▶ [How to complete this task]: These records contain pictures, which must be left out; copy exactly the lines from the one with "REGNO D'ITALIA 1942" up to and including the one with "Shipping partner Mundgod to IIIT Ranchi".

Segment Start: Information provided

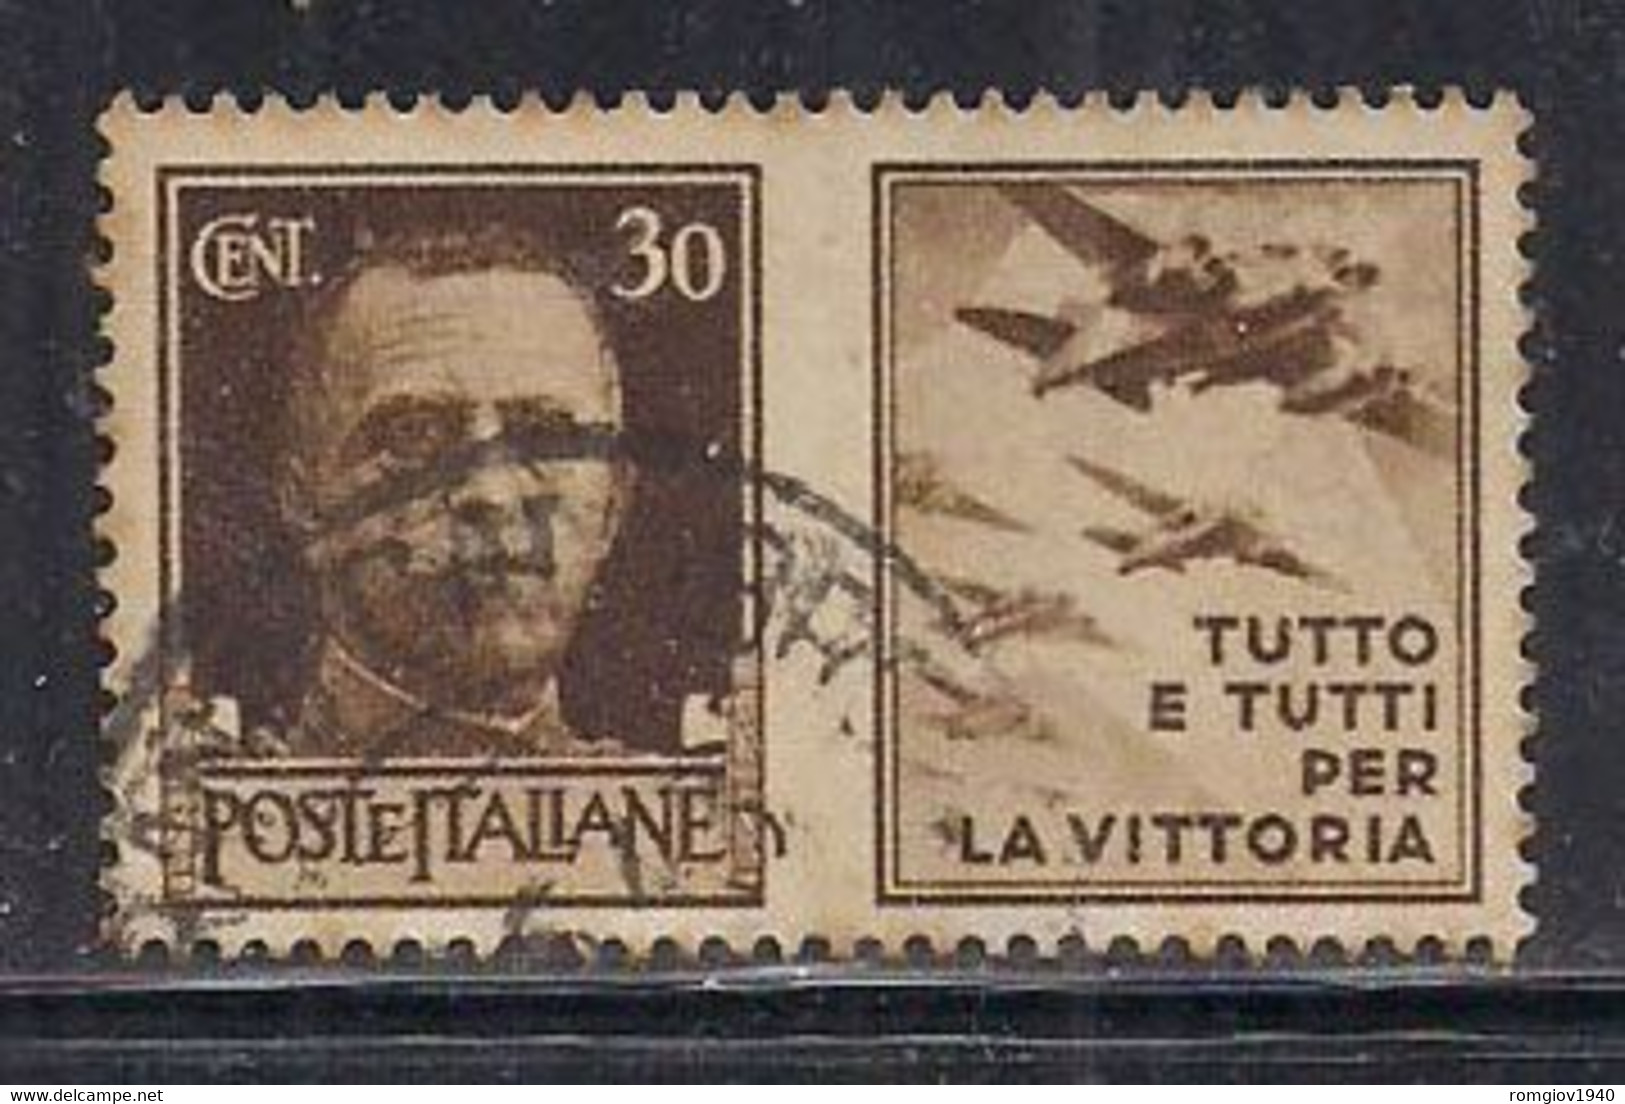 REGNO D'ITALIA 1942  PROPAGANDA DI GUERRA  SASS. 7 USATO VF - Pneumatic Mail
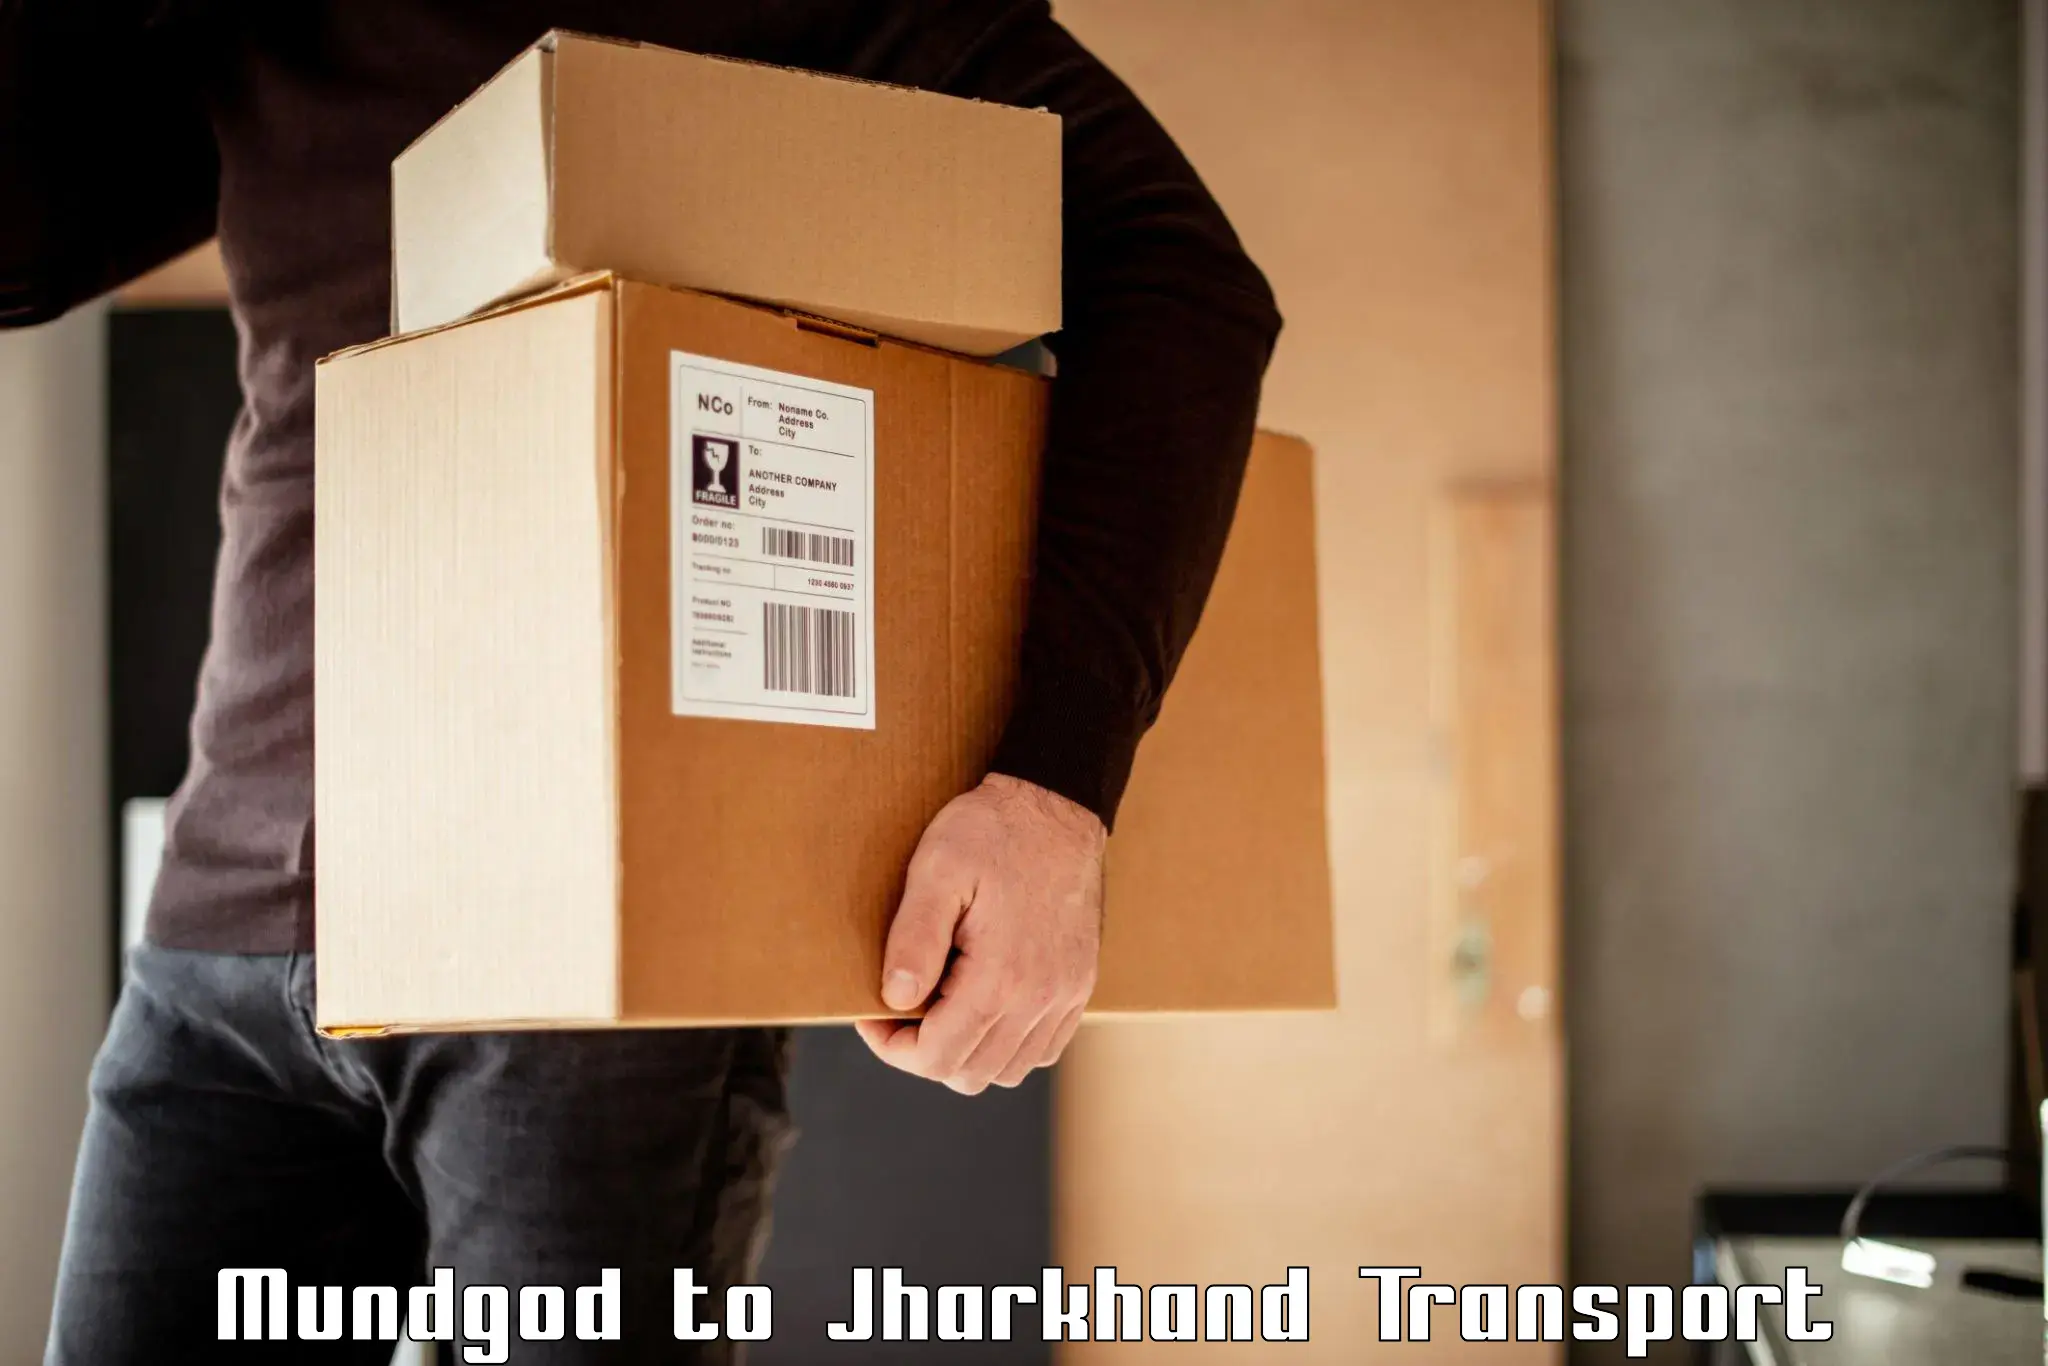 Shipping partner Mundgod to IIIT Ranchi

Segment End: Information provided
Segment Start: Information provided

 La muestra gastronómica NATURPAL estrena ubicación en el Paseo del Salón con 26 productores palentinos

Segment End: Information provided

▶ [Completed exercise]:
 REGNO D'ITALIA 1942  PROPAGANDA DI GUERRA  SASS. 7 USATO VF - Pneumatic Mail
 Shipping partner Mundgod to IIIT Ranchi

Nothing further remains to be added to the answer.